Стрезер, которому во время их совещаний не сиделось на месте, сделал по комнате еще один круг.

– Все зависит от того, что она собой представляет. Разумеется, сто раз проверенное умение ладить с добрым старым Вулетом, – а она, даю голову на отсечение, это превосходно умеет! – вот что с такой силой говорит за Мэмми.

– Мэмми?

От такого тона он остановился перед ней как вкопанный; однако, уразумев, что эта реплика выражает не колебания, но смутившее ее полное понимание, позволил себе напомнить:

– Надеюсь, вы не забыли, кто такая Мэмми!

– Нет, я не забыла, кто такая Мэмми, – улыбнулась мисс Гостри. – И у меня нет никаких сомнений, что в ее пользу можно очень многое сказать. Я целиком за Мэмми! – искренне заявила она.

Стрезер вновь прошелся по комнате.

– Она, знаете, и вправду на редкость мила; куда лучше любой из тех девиц, каких я пока здесь видел.

– Именно на это я, пожалуй, больше всего и рассчитываю. – И она на секунду – совсем в духе своего гостя – задумалась. – Мне положительно хочется заполучить ее в свои руки.

Ему эта мысль пришлась по душе, хотя в итоге он все-таки ее отверг:

– О, только не бросайтесь к ней с таким азартом!

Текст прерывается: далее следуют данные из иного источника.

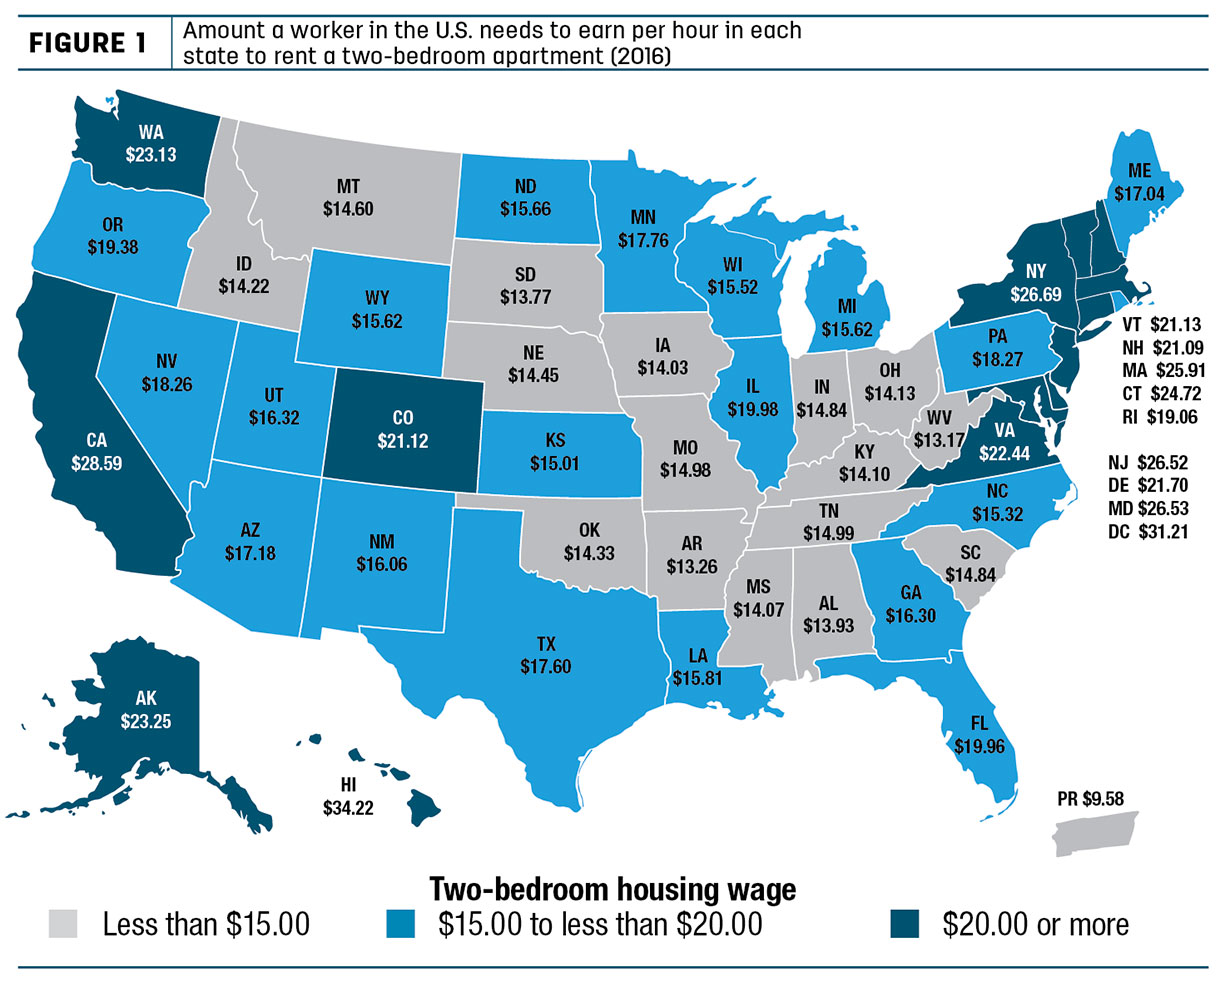 Amount a worker in the U.S. needs to earn per hour in each state to rent a two-bedroom apt.

Мне вы больше нужны, и вы не смеете меня покидать.

Но она не хотела сдаваться.

– Если бы только они согласились прислать ее сюда: ведь я принесу ей огромную пользу.

– Если бы они знали вас, – сказал он, – они бы ее прислали.

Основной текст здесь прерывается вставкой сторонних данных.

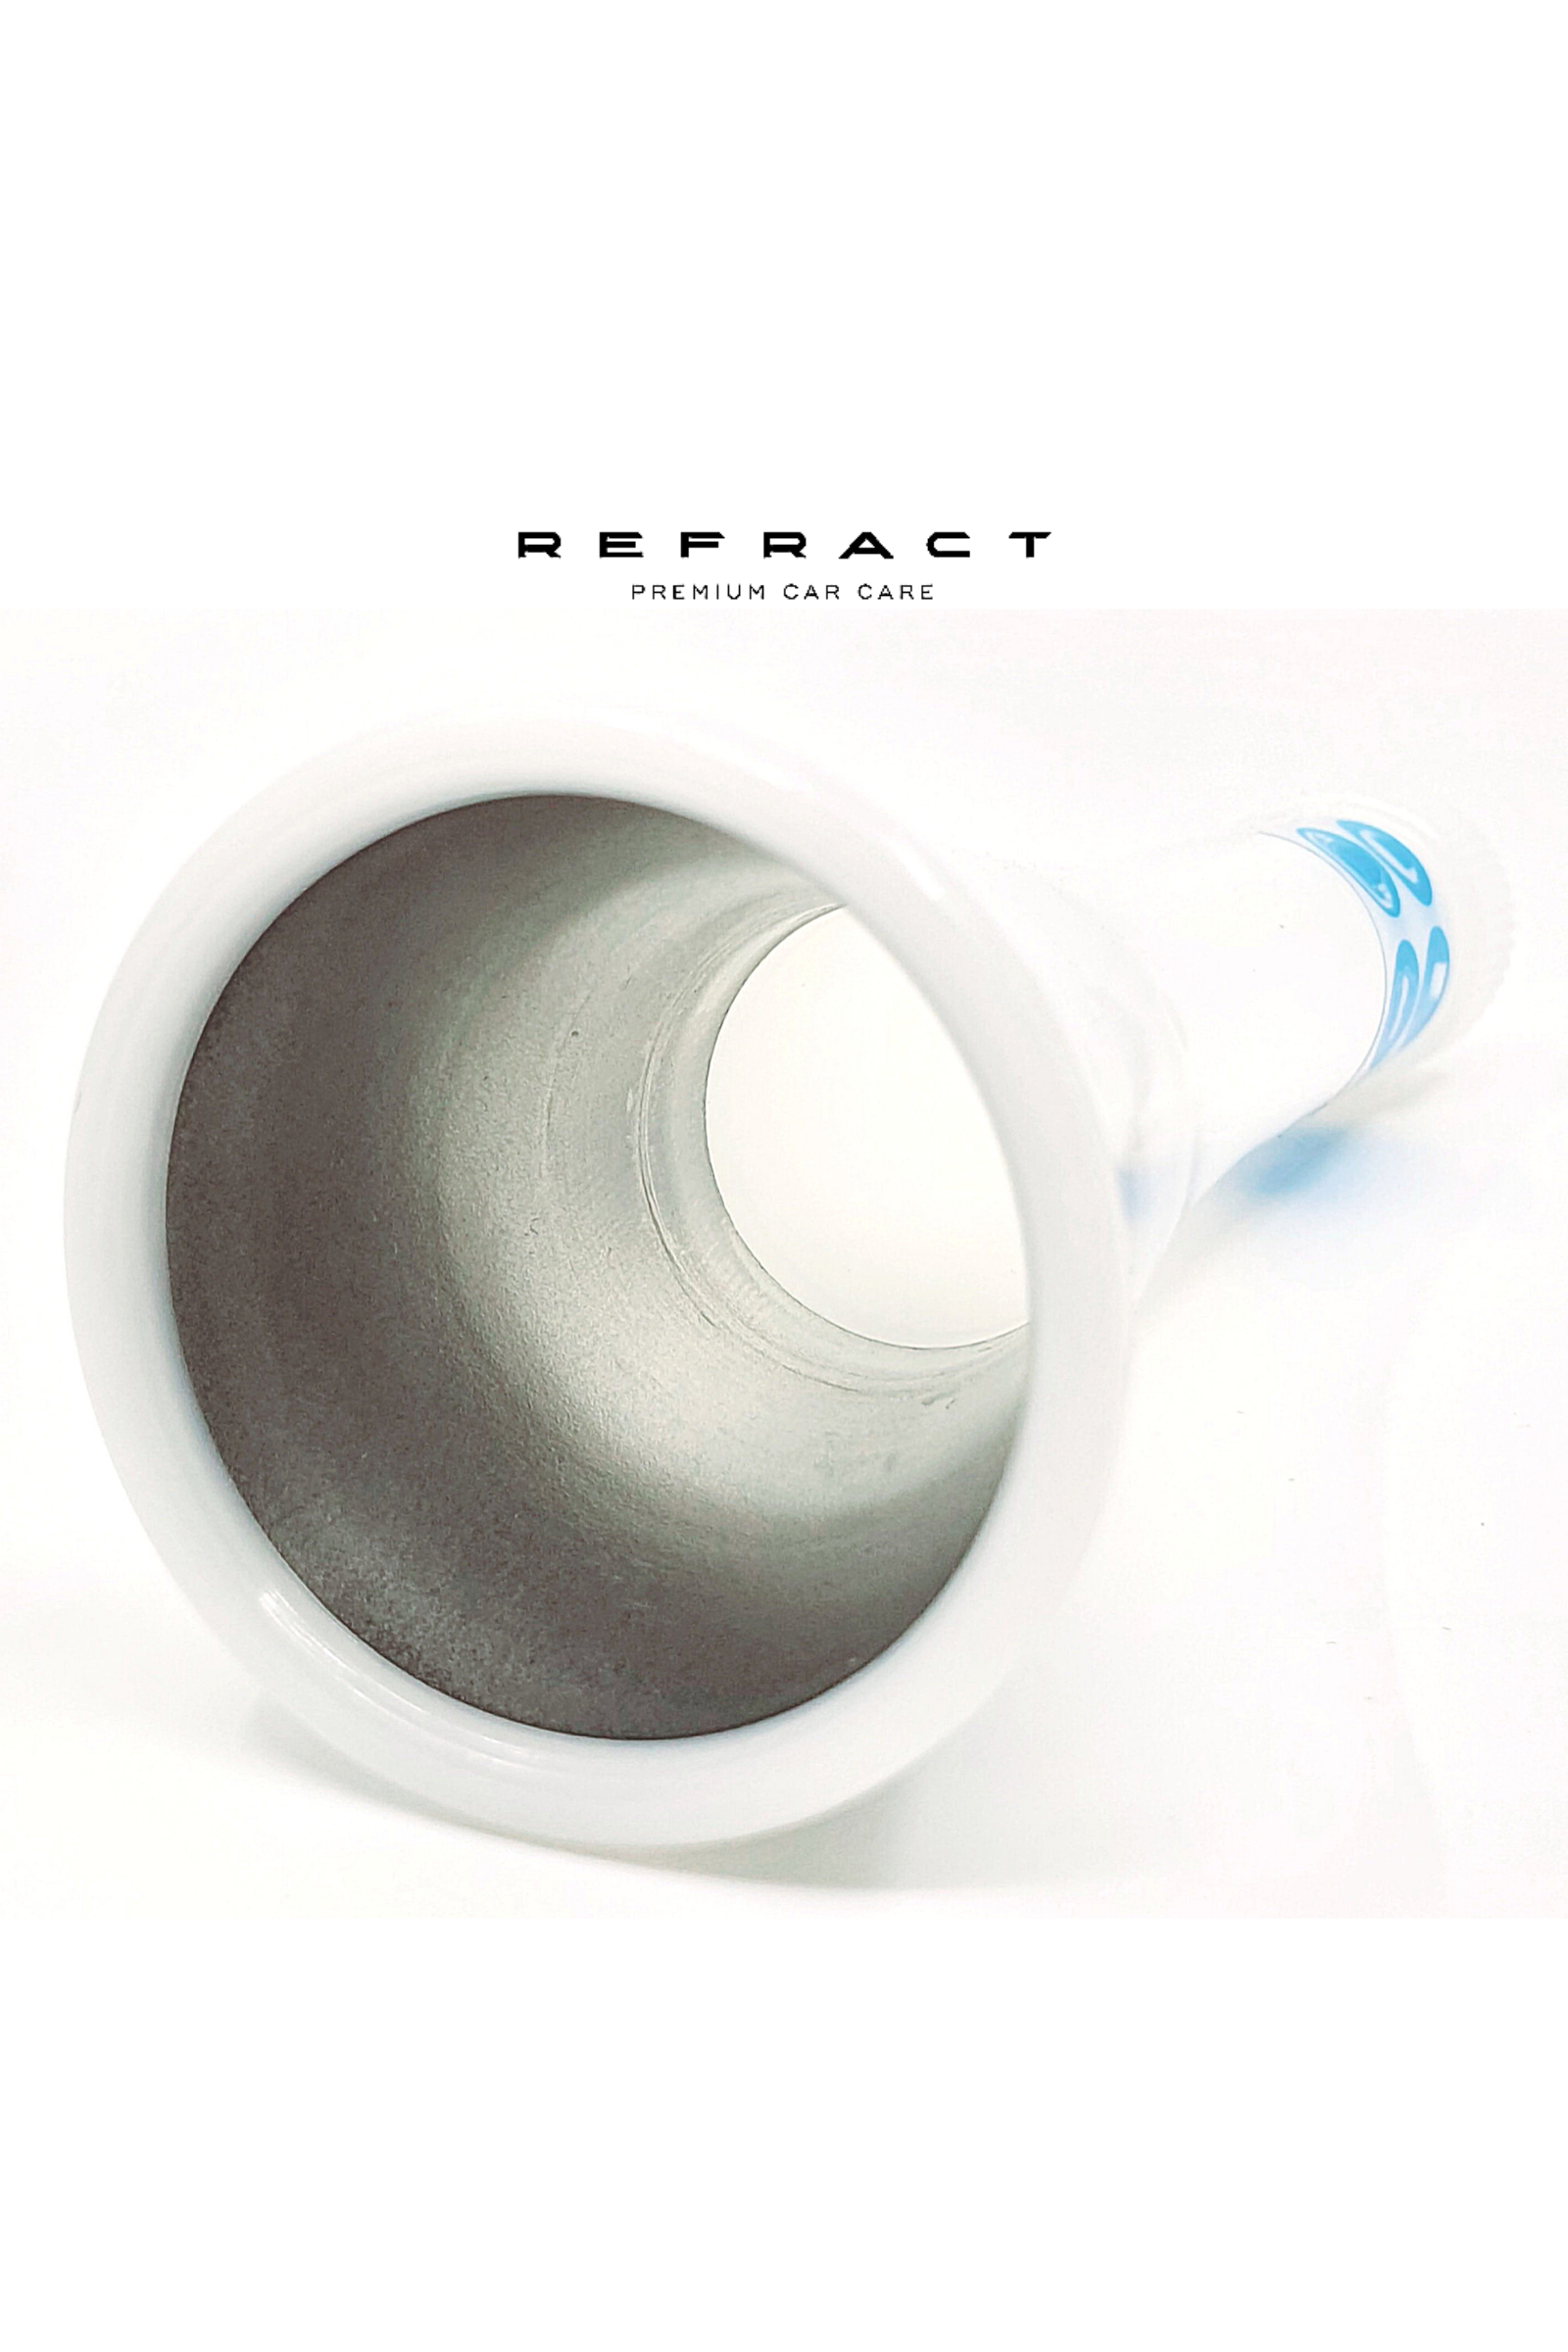 Refract Premium Car Care Products Refract Fury Lite Tornador Replacement Velocity Cone $23.95

– Как? Разве они не знают? После всего, что вы, насколько я вас поняла, им обо мне нарассказали?

Он снова на мгновение остановился перед ней и тут же снова принялся шагать.

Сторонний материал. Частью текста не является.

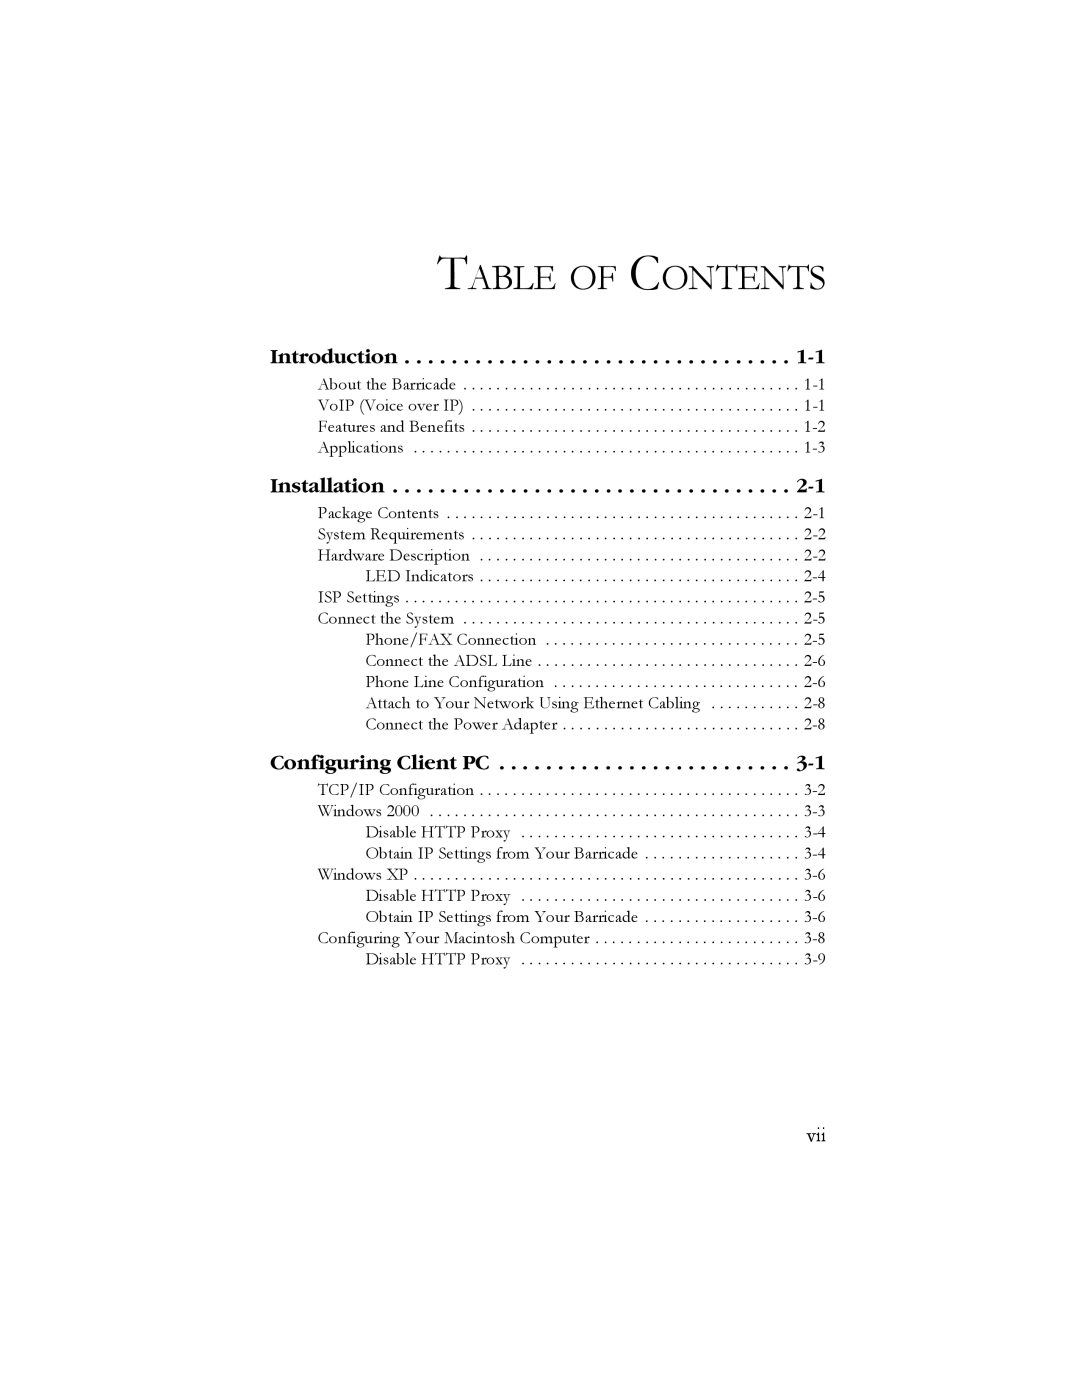 SMC Networks SMC7908VoWBRA manual Table Of Contents, Introduction, Installation, Configuring Client PC

– Они и пришлют – прежде чем, – как вы изволили выразиться? – я им о вас нарасскажу. – И тут же перешел на то, что ему казалось главным: – Сейчас он, видимо, сворачивает свою игру. Он ведь все время придерживал меня. Ждал, когда прибудут эти дамы.

– Ого, как вы научились видеть! – поджала губы мисс Гостри.

– Ну, до вас мне далеко. Или вам угодно делать вид, – продолжал он, – что вы не видите?…

– Не вижу? Чего? – требовательно спросила она, пока он переводил дыхание.

– Да того, что между ними много чего происходит – и завязалось это задолго до моего приезда.

Прошла минута, прежде чем она сказала:

– Кто же они… раз все это так серьезно?

– Может быть, серьезно, а может быть, курьезно. Но вот что очевидно – так это без сомнения. Только я о них ничего не знаю, – признался Стрезер. – Например, даже как их зовут, и, выслушав Крошку Билхема, к величайшему моему облегчению, не счел себя обязанным спросить.

– Ну, – рассмеялась она, – если вы думаете, что уже отделались!..

Ее смех мгновенно вверг его в мрачное расположение духа.

– Я вовсе так не думаю. Думаю лишь, что получил на пять минут передышку. Мне, хочешь не хочешь, придется в лучшем случае продолжать. – Они обменялись понимающими взглядами, и минуту спустя к нему вернулось добродушное настроение. – При всем том меня не интересует, как их зовут.

– Ни какой они национальности? Американки? Француженки? Англичанки? Польки?

– Вот уж что мне решительно все равно. Меня ни в малейшей мере не заботит, какой они национальности. – И тотчас добавил: – Дай Бог, польки. Вот было бы славно!

– Куда как славно! – Этот переход ее очень развеселил. – Как видите, вас это все же заботит!